• Aim of the task: Would you transcribe the entries below, beginning at the line with "This is certainly" and ending after the line with "WWE Rob Gronkowski", exactly, with no picture and nothing more?

• Provided entries:

++++++

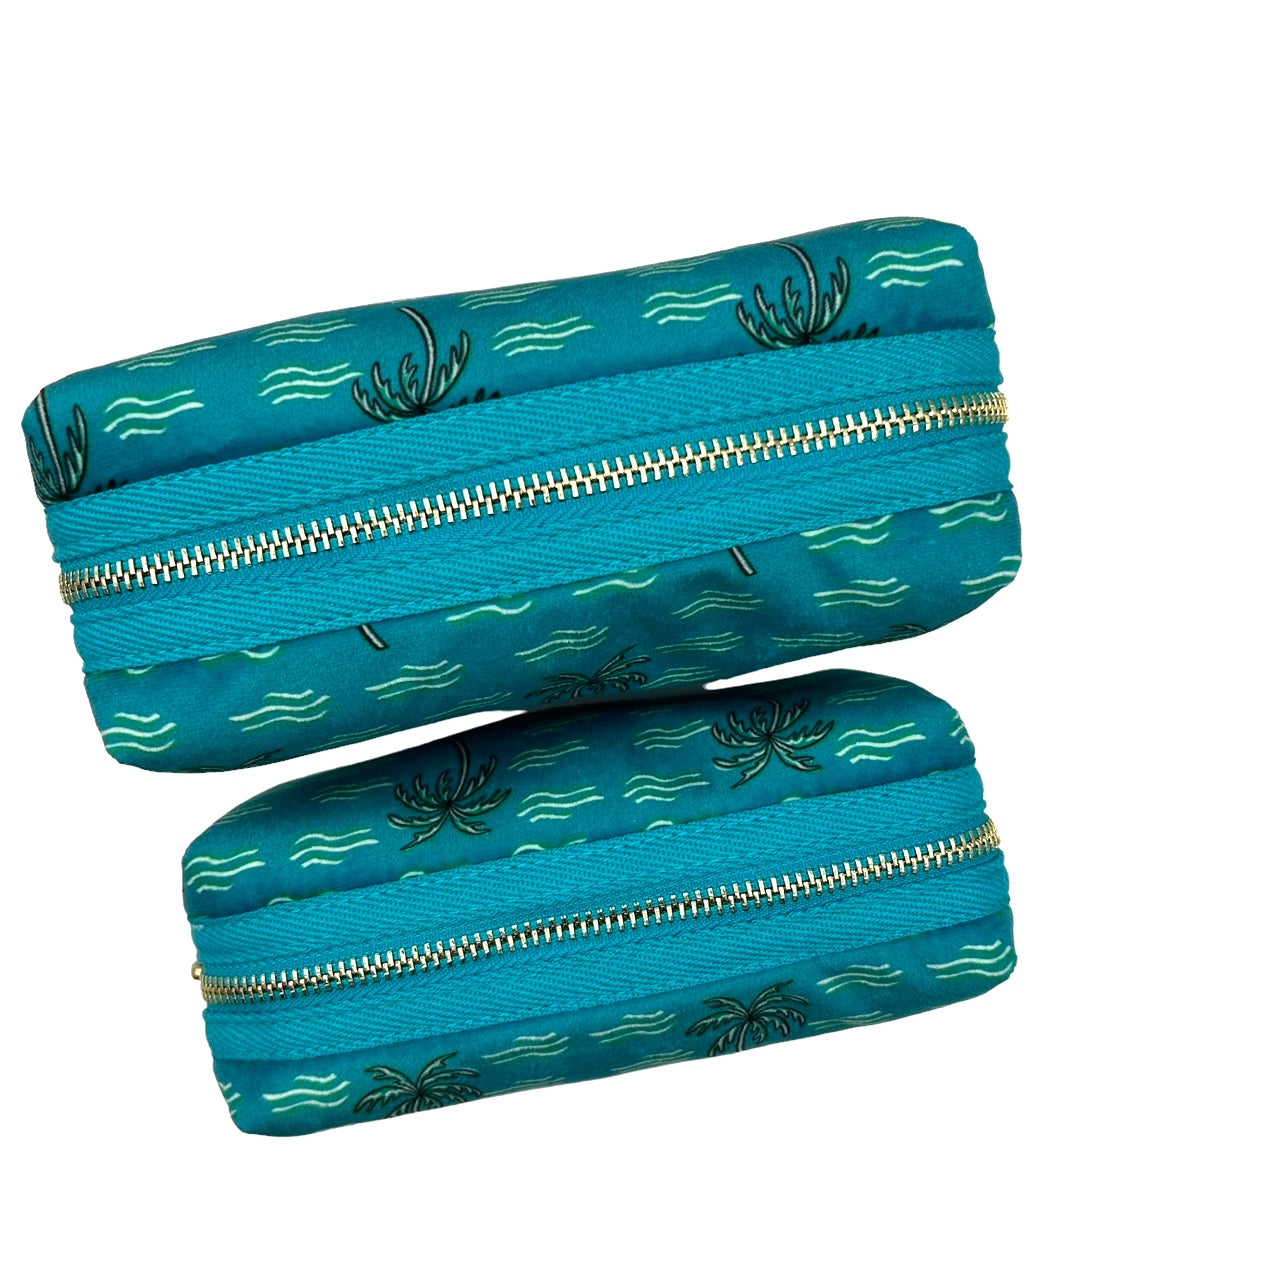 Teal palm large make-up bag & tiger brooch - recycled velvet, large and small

++++++

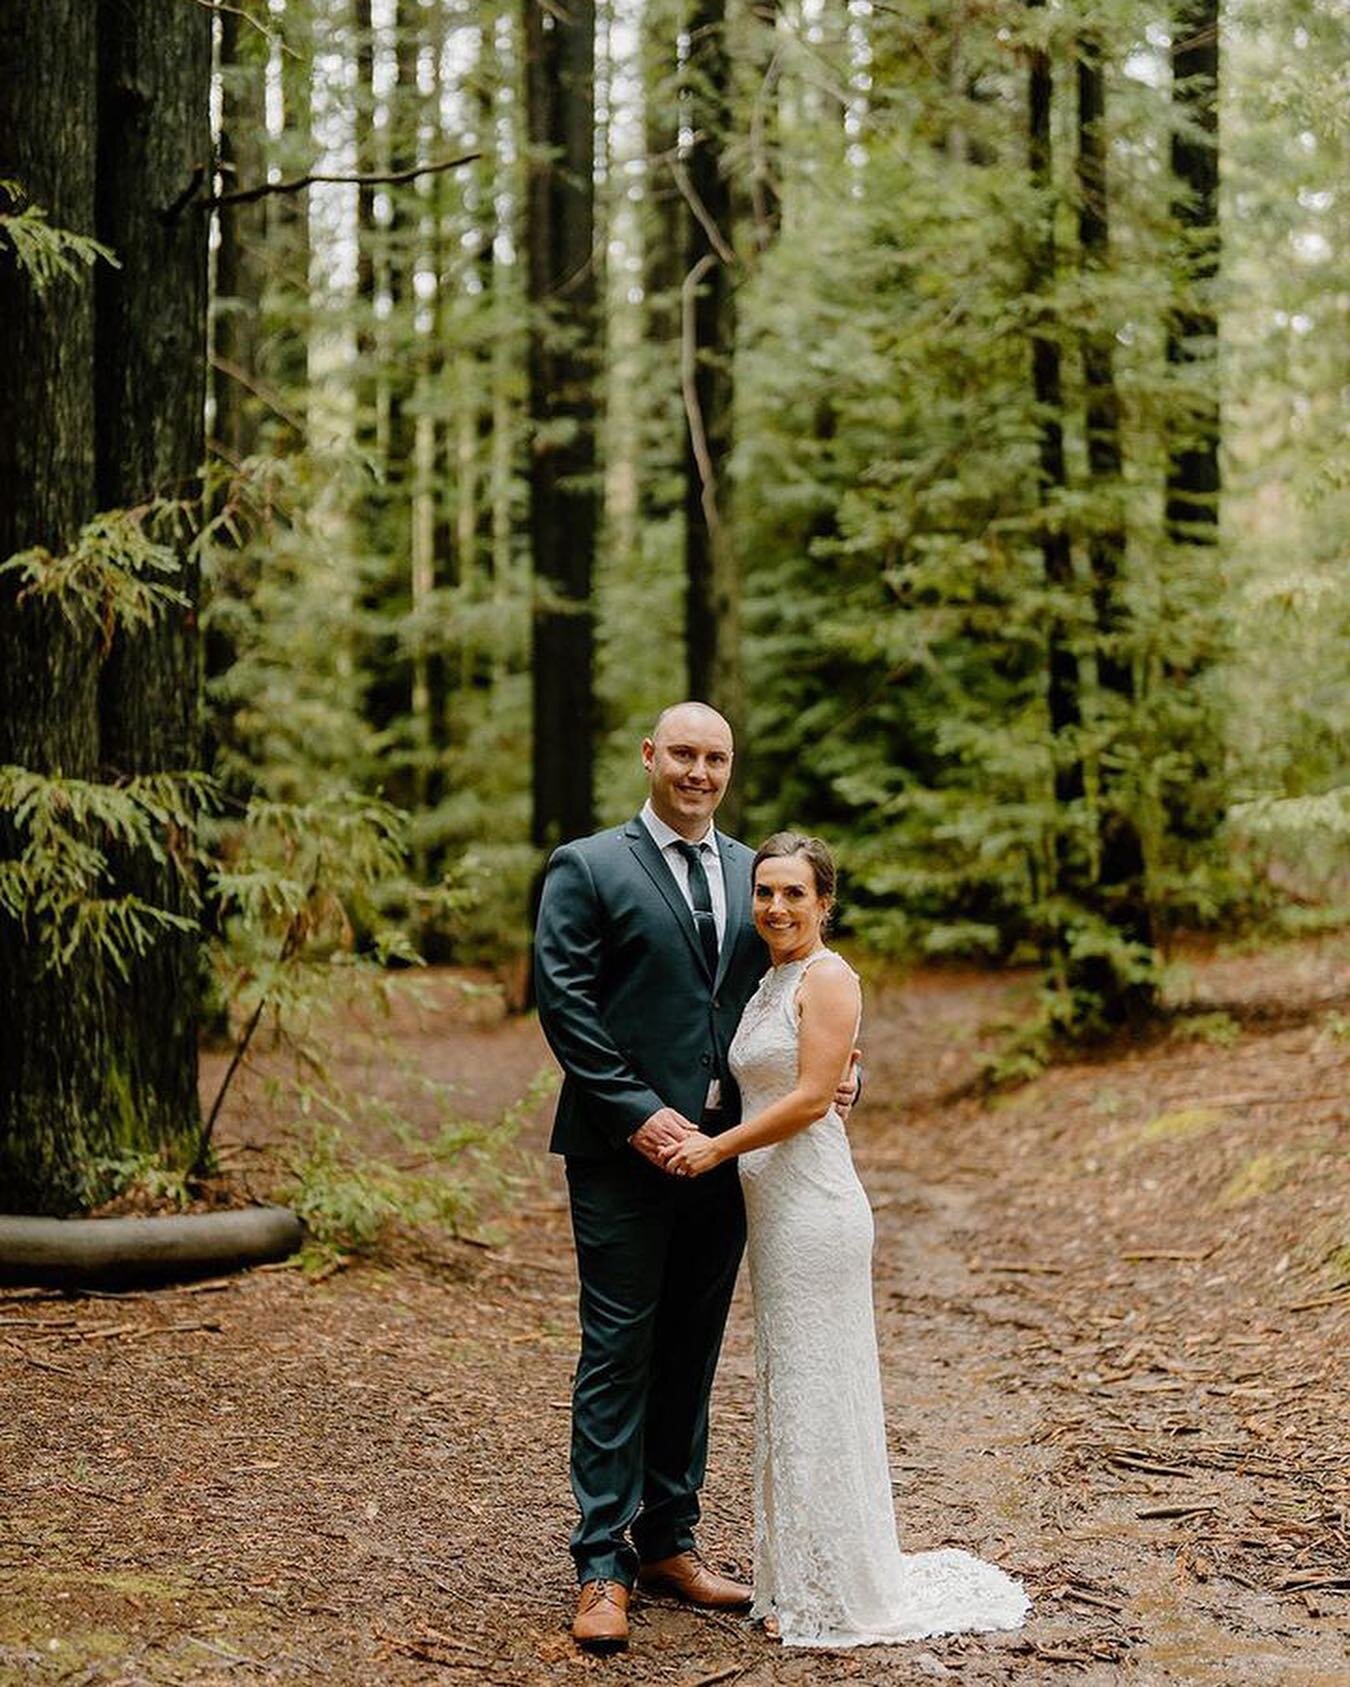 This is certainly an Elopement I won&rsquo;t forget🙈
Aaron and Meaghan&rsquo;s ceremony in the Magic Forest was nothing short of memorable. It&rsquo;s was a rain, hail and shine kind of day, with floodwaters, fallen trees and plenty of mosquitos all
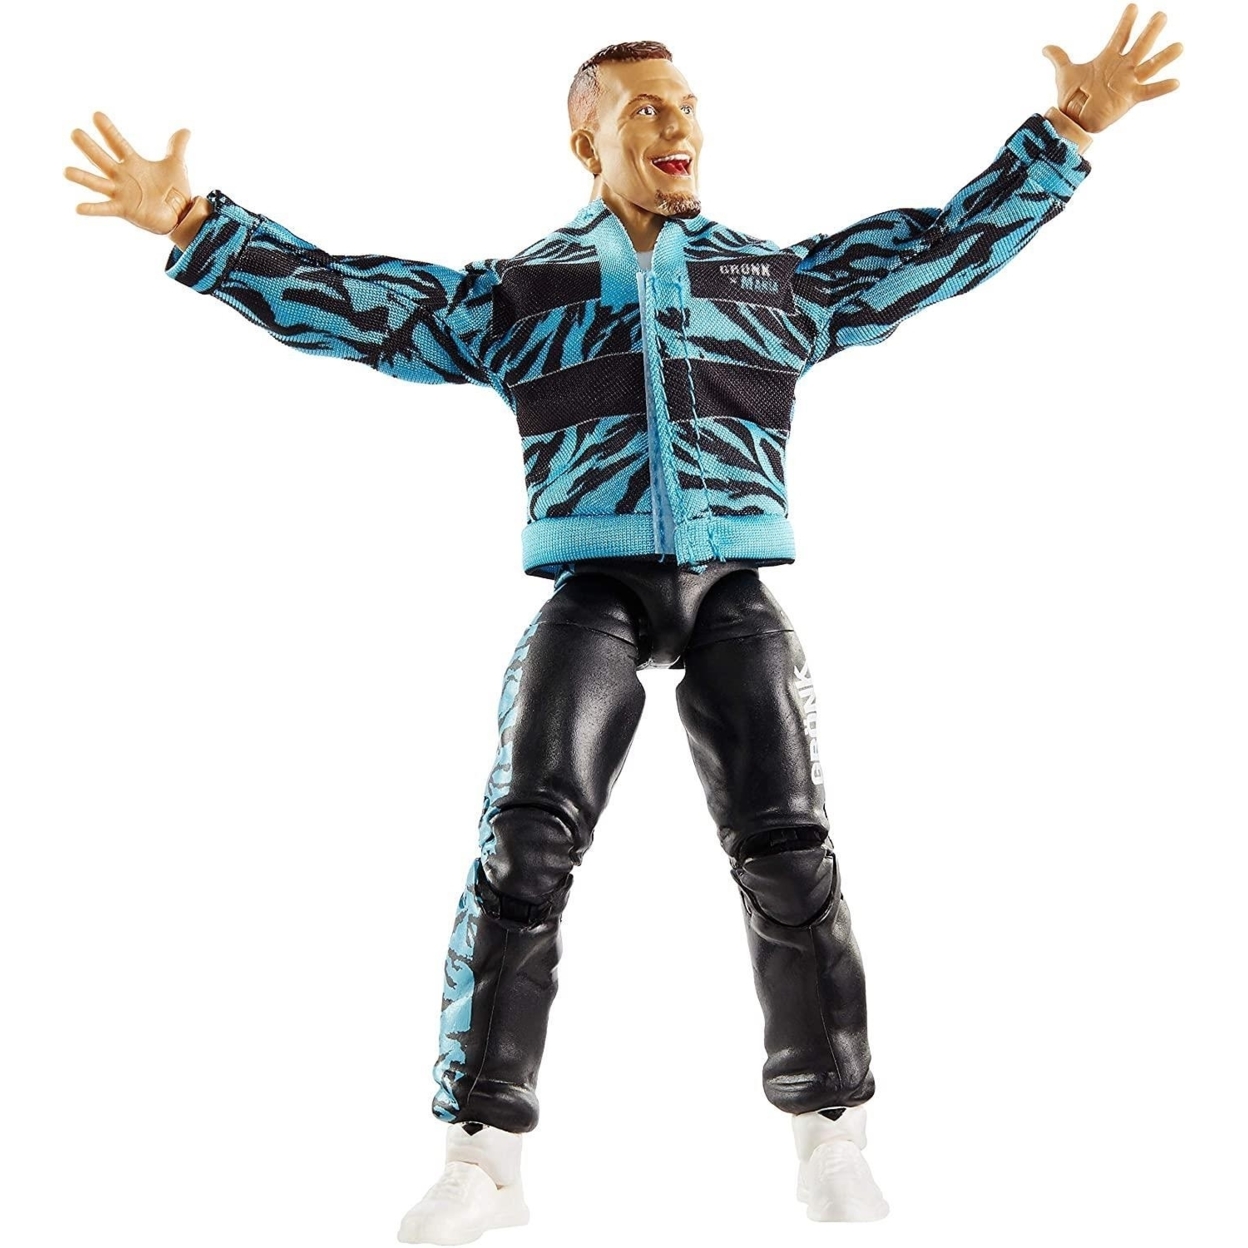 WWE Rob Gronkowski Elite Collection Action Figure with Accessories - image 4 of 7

++++++

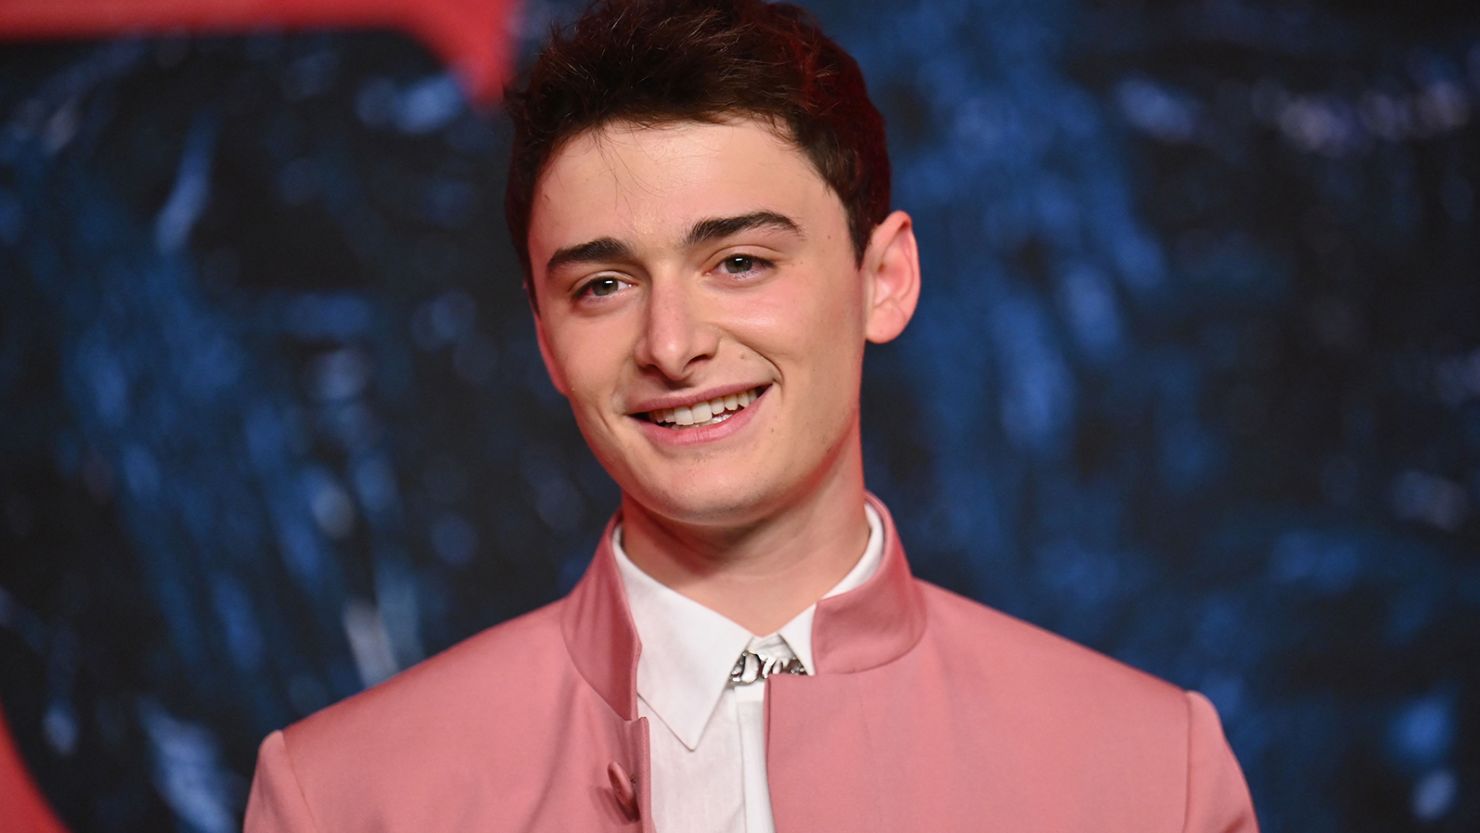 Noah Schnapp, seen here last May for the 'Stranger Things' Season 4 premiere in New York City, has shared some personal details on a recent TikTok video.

++++++

• Result of the exercise:
 This is certainly an Elopement I won&rsquo;t forget🙈
Aaron and Meaghan&rsquo;s ceremony in the Magic Forest was nothing short of memorable. It&rsquo;s was a rain, hail and shine kind of day, with floodwaters, fallen trees and plenty of mosquitos all
 WWE Rob Gronkowski Elite Collection Action Figure with Accessories - image 4 of 7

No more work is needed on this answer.